Gallagher discusses a certain thought experiment that presents a putative counterexample to the idea that proprioceptively based judgements about the position of one’s own limbs display immunity to error relative to the first person pronoun (IEM). Gallagher takes the thought experiment to demonstrate that such proprioceptively based judgements merely display what he calls de facto IEM. He accepts that under certain extraordinary circumstances proprioceptive judgements such as “My legs are crossed” are subject to error through misidentification relative to “my”. The paper argues that with this acceptance it becomes next to impossible to avoid that Gallagher’s local conclusion generalizes with the effect that the IEM isn’t even de facto present in ordinary cases.

In his Varieties of Reference (1982) Evans argued recognition of the fact that there are ways of knowing about our own physical body that gives rise to such immunity to error provides, according to Evans, “the most powerful antidote to a Cartesian conception of the self” (Evans 1982, p. 222). Gallagher might avoid the basic problem that Evans’s points to by insisting that lived body is, under normal circumstances, simply identical to one’s physical body.
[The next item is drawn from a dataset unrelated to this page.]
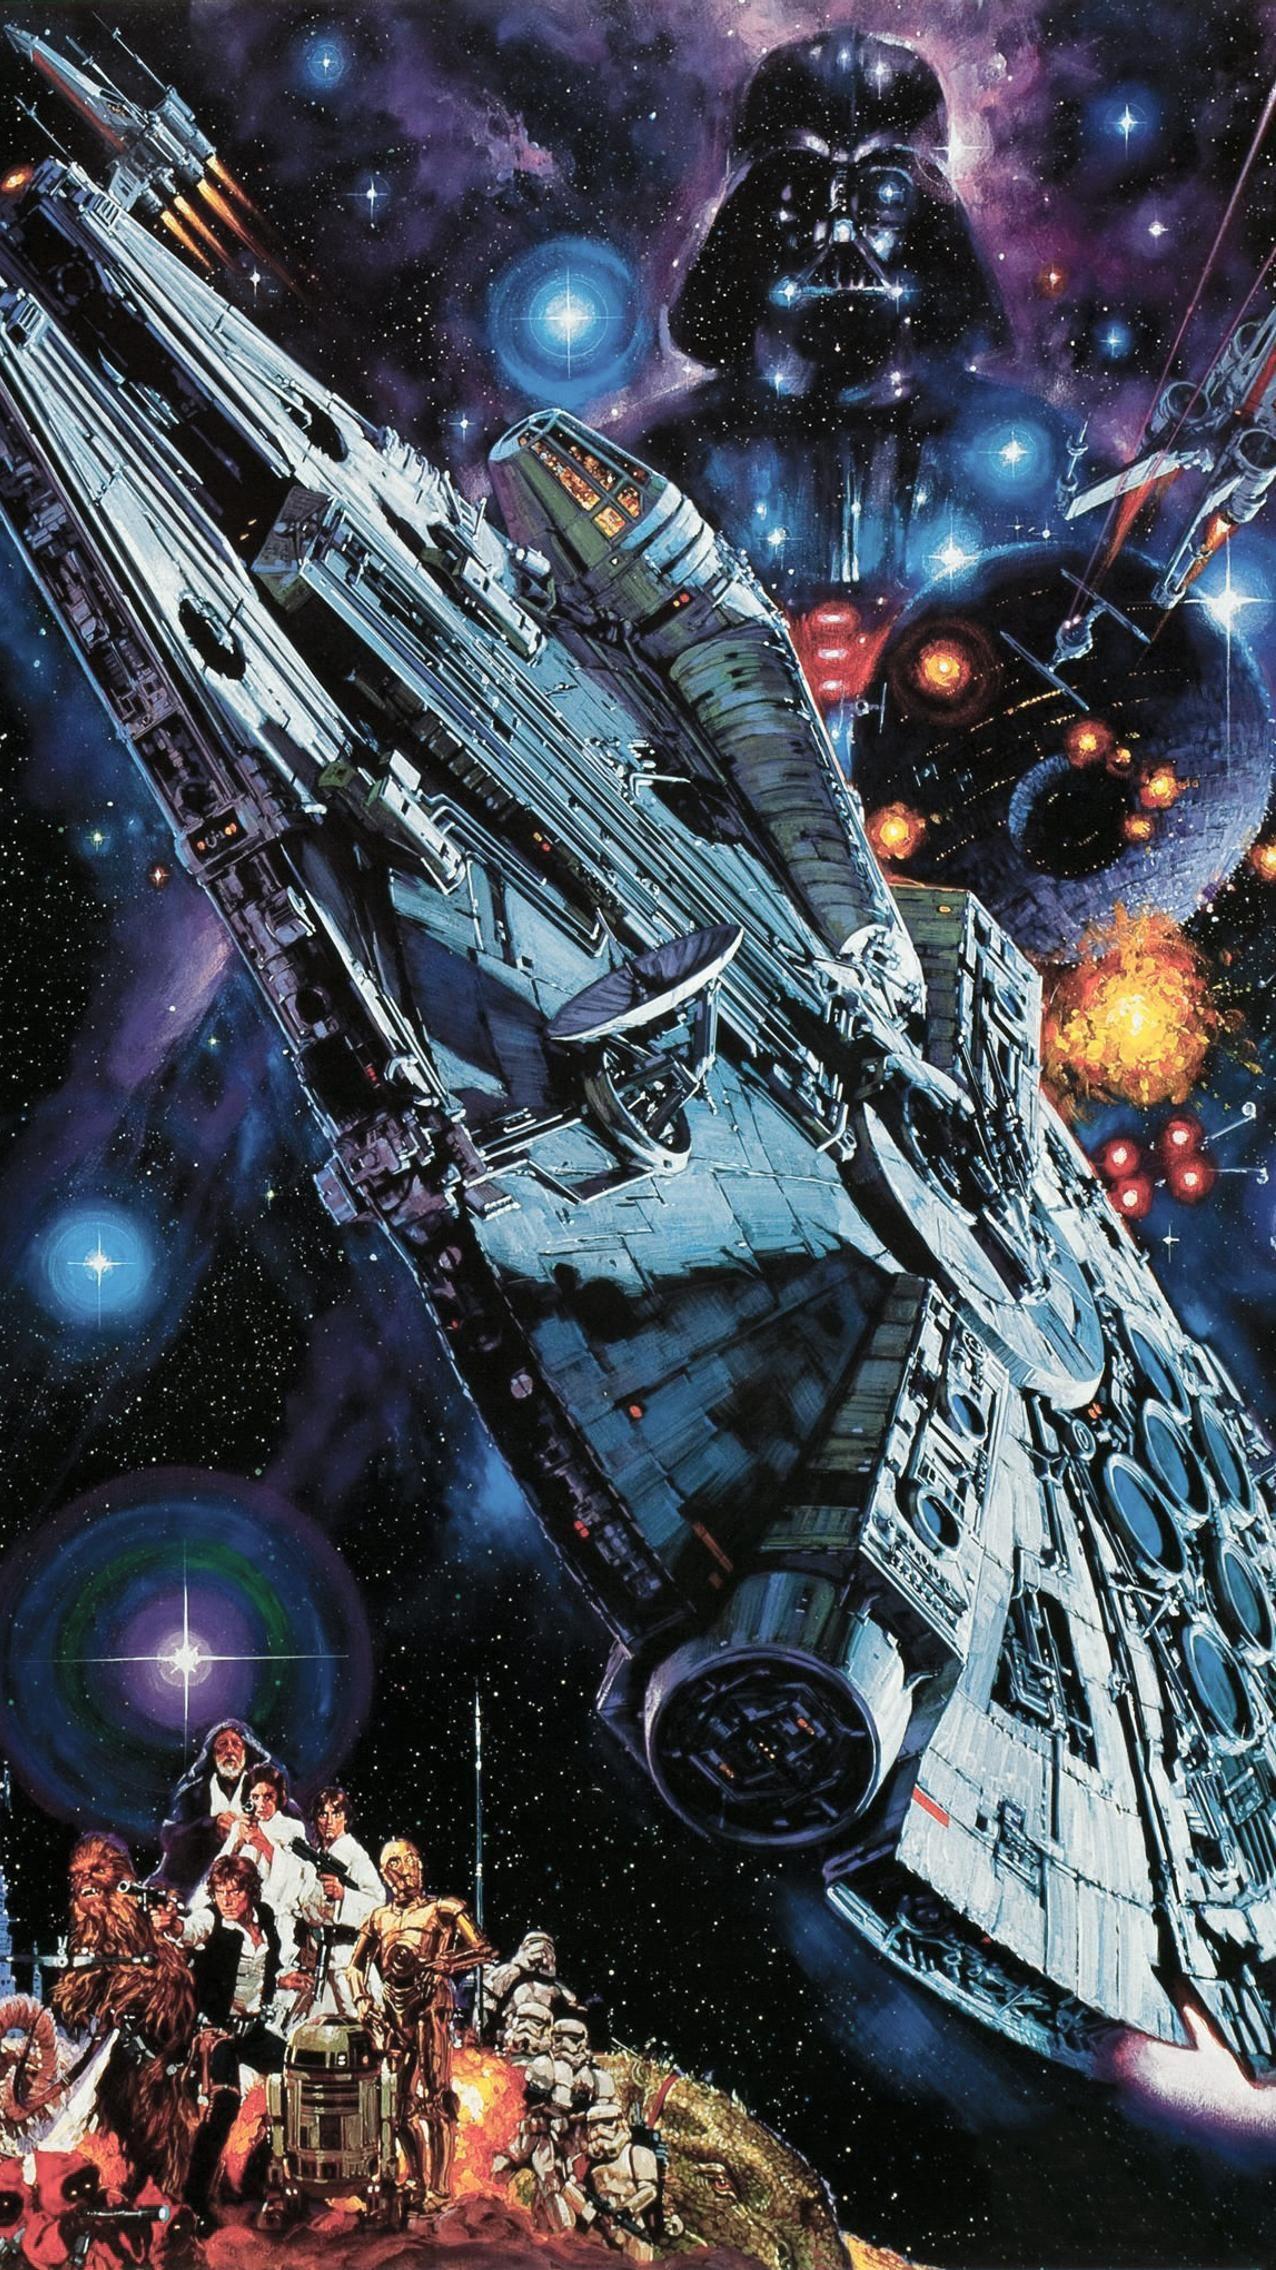 Avengers Endgame 2019 Phone Wallpaper Moviemania Star Wars Images Star Wars Wallpaper Iphone Star Wars Wallpaper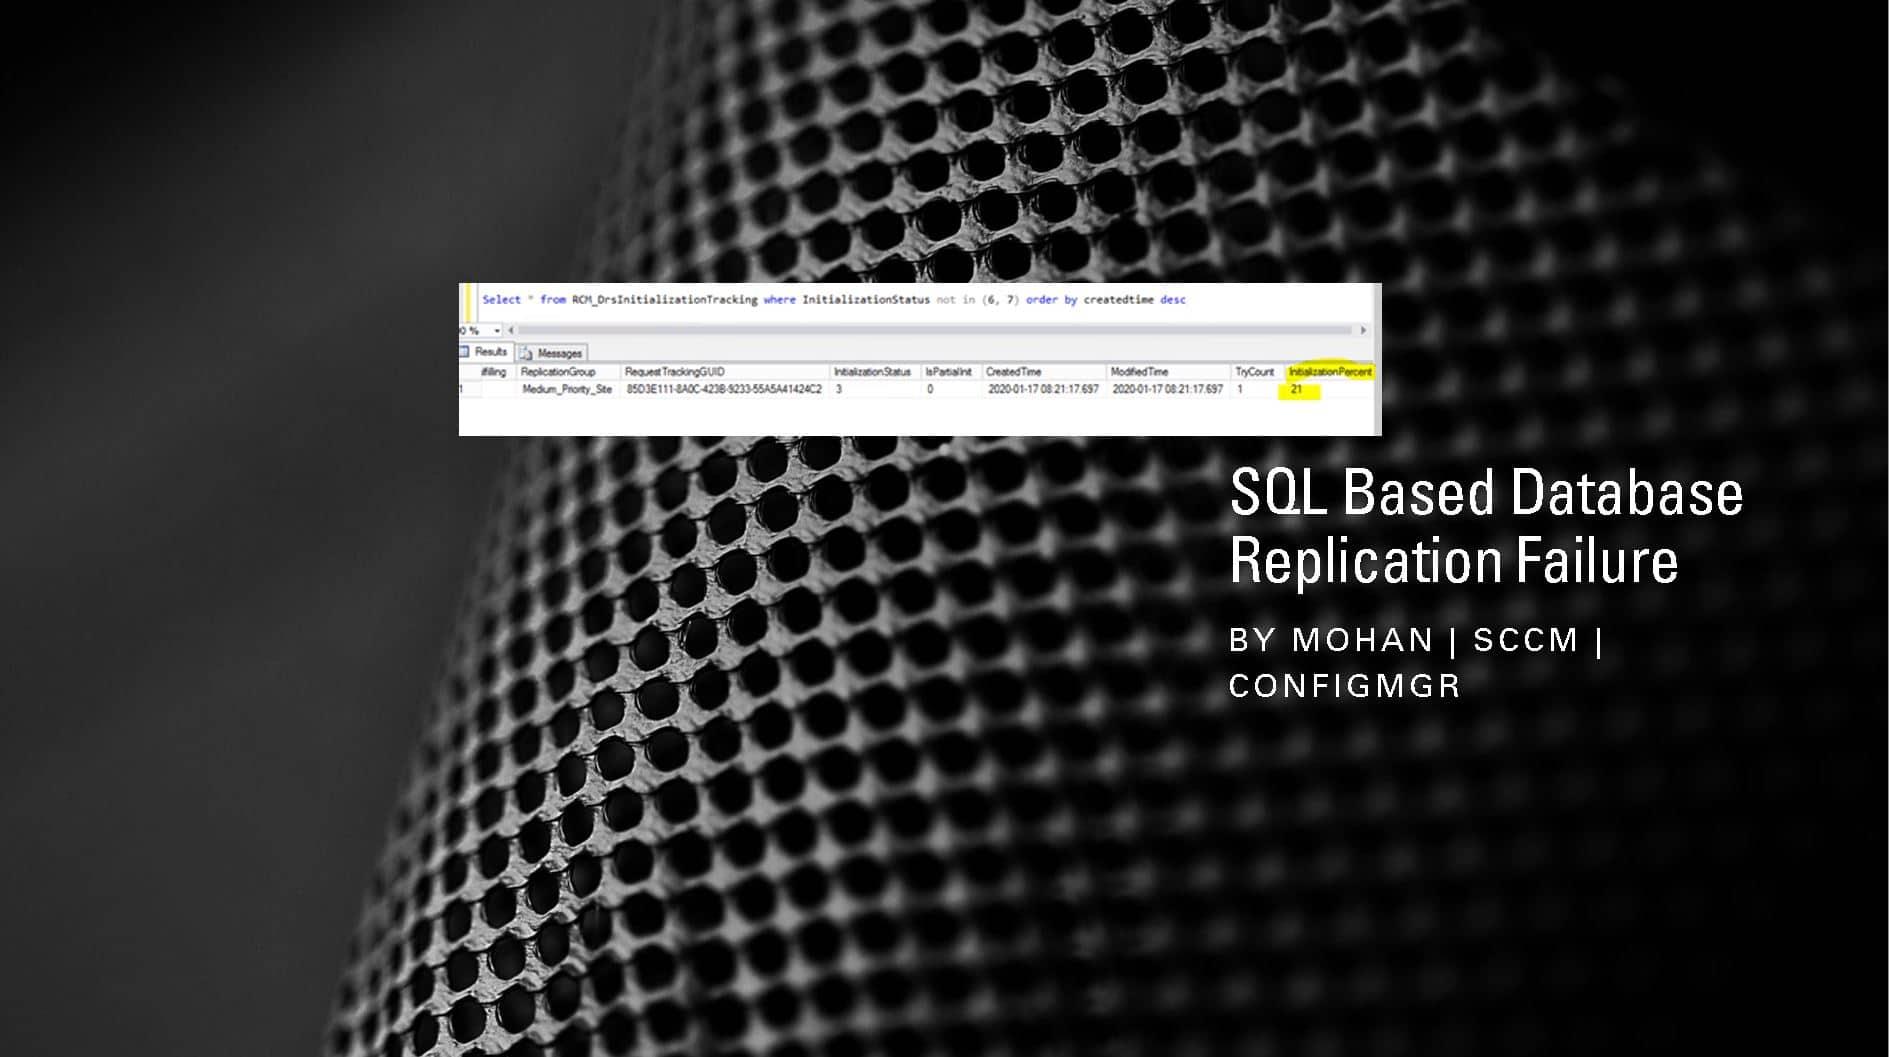 FIX SCCM SQL Based Database Replication Failure

However, his position will inherit the epistemological predicament of the Cartesian position. Gallagher will be forced to deny that a proprioceptive experience can, simply by virtue of its intrinsic features, non-inferentially entitle a subject to make judgements about the position of her limbs. Either such knowledge will be inferential or we will need to adopt some version of an externalist conception of justification.

The paper ends by introducing an alternative disjunctive response to the thought experiment. On the disjunctive account all such thought experiments can show is that it is possible to be under the illusion that one is proprioceptively experiencing one’s legs. The disjunctive account has the advantage that it allows us hold on to the idea that our proprioceptive judgements are, without exceptions, judgements that display IEM. Furthermore the account allows us to say that when we are undergoing a proprioceptive experience this experience can put us in a position to non-inferentially know the position of our limbs. Finally, the proposal has the advantage of providing a thoroughly anti-Cartesian conception of bodily self-awareness.